I see you've uploaded a worksheet containing probability problems. Let's break down each question and work through the solutions:

Problem 1:

Two independent events $A$ and $B$ are given with probabilities:

• $P(A \cap B') = 0.09$
• $P(A' \cap B) = 0.49$

Let $x = P(A \cap B)$.

(a) Express $P(A)$ in terms of $x$.

Since $P(A \cap B') + P(A \cap B) = P(A)$, we know:

$P(A) = P(A \cap B') + P(A \cap B) = 0.09 + x$

(b) Express $P(B)$ in terms of $x$.

Using the fact that $P(A' \cap B) + P(A \cap B) = P(B)$:

$P(B) = P(A' \cap B) + P(A \cap B) = 0.49 + x$

(c) Find the value of $x$.

The total probability must sum to 1, as it covers all possible outcomes:

$P(A \cap B') + P(A' \cap B) + P(A \cap B) + P(A' \cap B') = 1$

We already know:

$P(A \cap B') = 0.09,\ P(A' \cap B) = 0.49$

Also, $P(A' \cap B') = 1 - P(A \cup B)$.

We can calculate:

$P(A \cup B) = P(A) + P(B) - P(A \cap B) = (0.09 + x) + (0.49 + x) - x$

Simplifying:

$P(A \cup B) = 0.58 + x$

So,

$P(A' \cap B') = 1 - (0.58 + x) = 0.42 - x$

Since all probabilities must sum to 1:

$0.09 + 0.49 + x + 0.42 - x = 1$

This equation holds, so no contradictions arise.

(d) Find $P(B | A)$.

Using the definition of conditional probability:

$P(B | A) = \frac{P(A \cap B)}{P(A)} = \frac{x}{0.09 + x}$

Problem 2:

Given the cycling scenario, we're provided with the following probabilities:

• $P(\text{rain tomorrow} | \text{dry today}) = 0.25$
• $P(\text{rain tomorrow} | \text{rainy today}) = 0.85$
• $P(\text{dry on 1st June}) = 0.8$

(a) Draw a tree diagram for the first three days of June.

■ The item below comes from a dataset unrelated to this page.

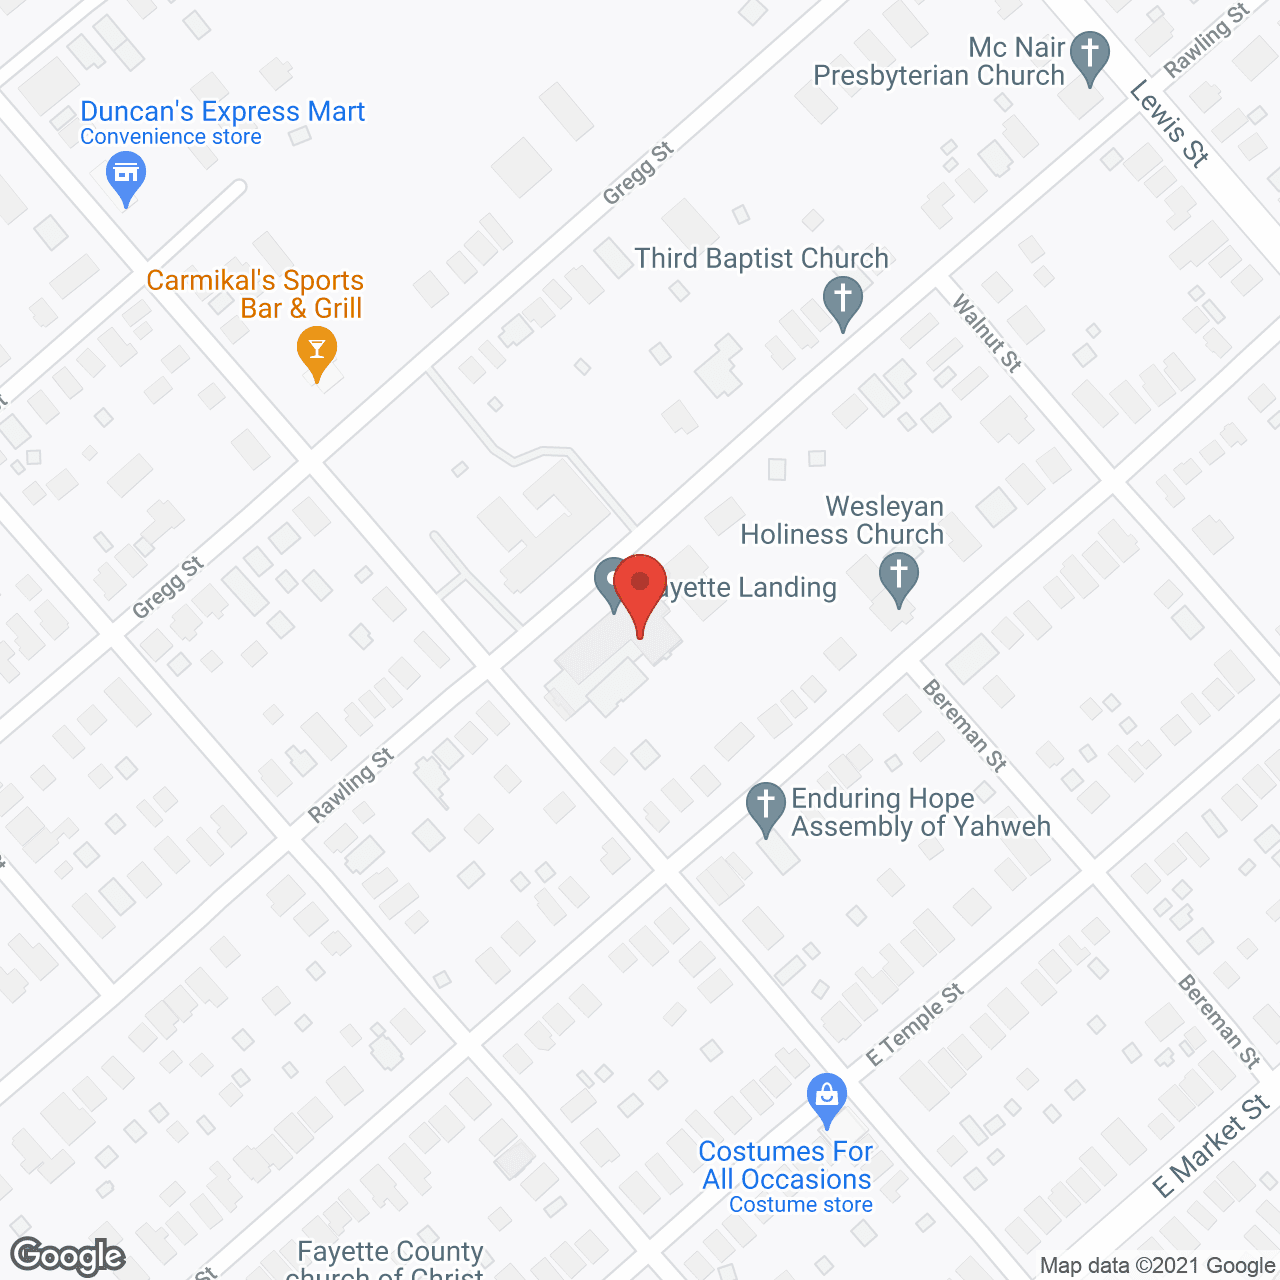 Wintersong Adult Care Ctr - CLOSED in google map
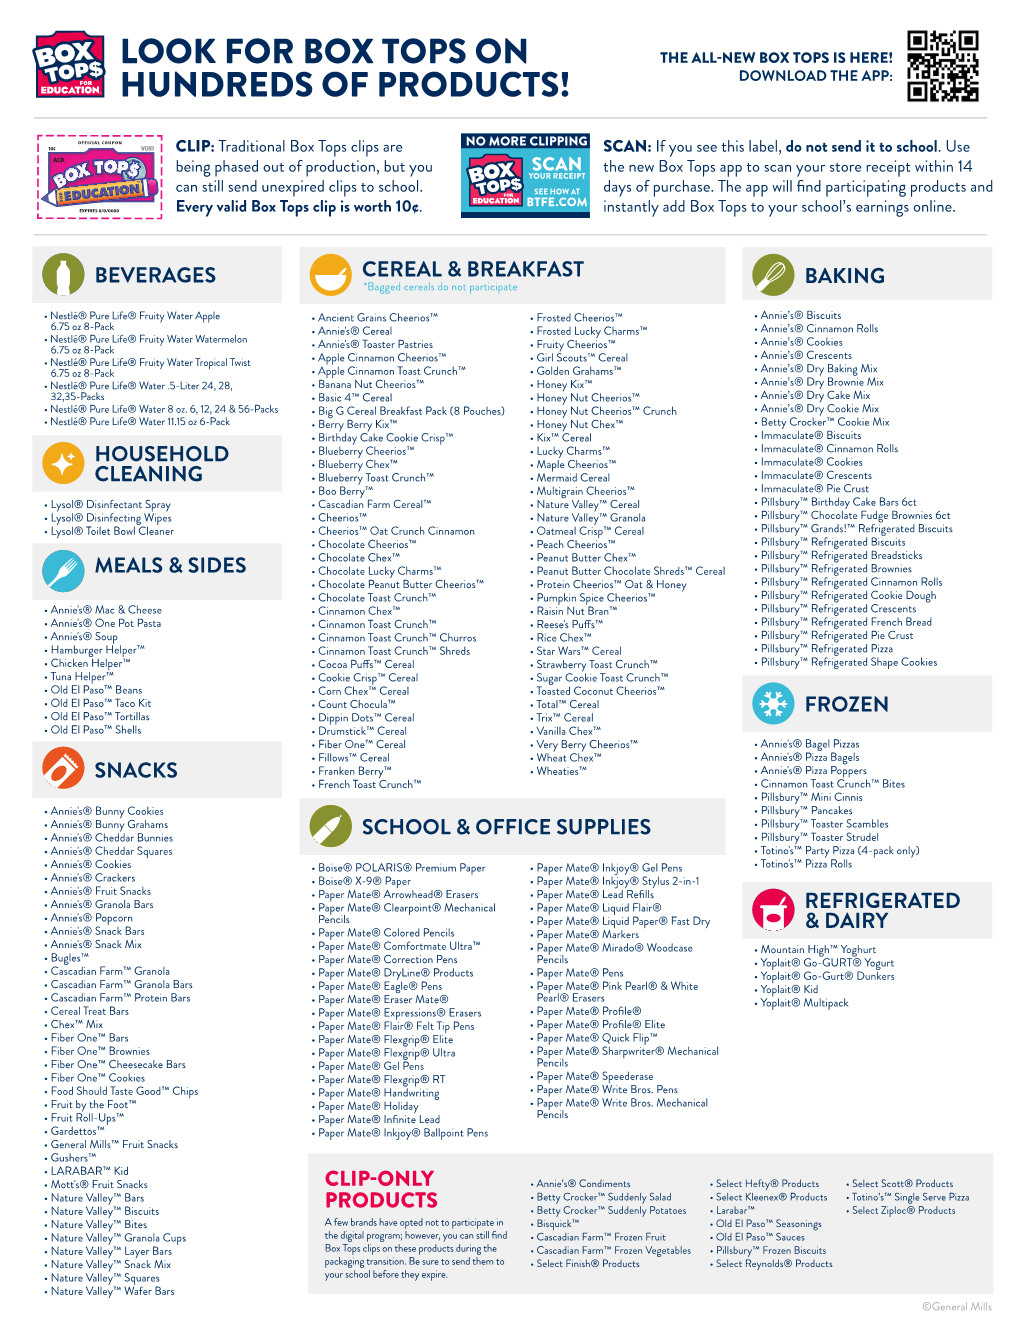 Box Tops on the All New Box Tops Is Here! Hundreds of Products! Download the App

The tree diagram will have branches for each day's weather condition (rainy or dry) and the associated conditional probabilities for the next day's weather.

• First branch: 1st June (Dry $P = 0.8$, Rainy $P = 0.2$)
• From each of these branches, you have the 2nd June with the conditional probabilities.
• Similarly, branches for 3rd June come from the outcomes of 2nd June.

(b) Find the probability that the 3rd of June is rainy.

To solve this, consider all paths leading to rain on the 3rd of June:

• Dry on 1st $\rightarrow$ Dry on 2nd $\rightarrow$ Rain on 3rd
• Dry on 1st $\rightarrow$ Rain on 2nd $\rightarrow$ Rain on 3rd
• Rain on 1st $\rightarrow$ Dry on 2nd $\rightarrow$ Rain on 3rd
• Rain on 1st $\rightarrow$ Rain on 2nd $\rightarrow$ Rain on 3rd

Use the probabilities provided to calculate the total.

(c) Find the probability that the 1st of June was dry given that the 3rd of June is dry.

Use Bayes' Theorem:

$P(\text{Dry on 1st} | \text{Dry on 3rd}) = \frac{P(\text{Dry on 1st and Dry on 3rd})}{P(\text{Dry on 3rd})}$

The numerator is the probability of being dry on both the 1st and 3rd, and the denominator is the total probability of the 3rd being dry.

Would you like more detailed calculations or help with a specific part of the solution?

Here are 5 relative questions:

1. How can we use the complement rule in probability to simplify calculations?
2. How does independence between events affect their joint probability?
3. Can conditional probability be used to predict long-term trends in weather or other real-world applications?
4. How does Bayes' Theorem adjust probabilities based on new information?
5. How are tree diagrams useful in visualizing sequential probability problems?

Tip: Always check if events are independent or conditional when determining the appropriate formula for joint probabilities!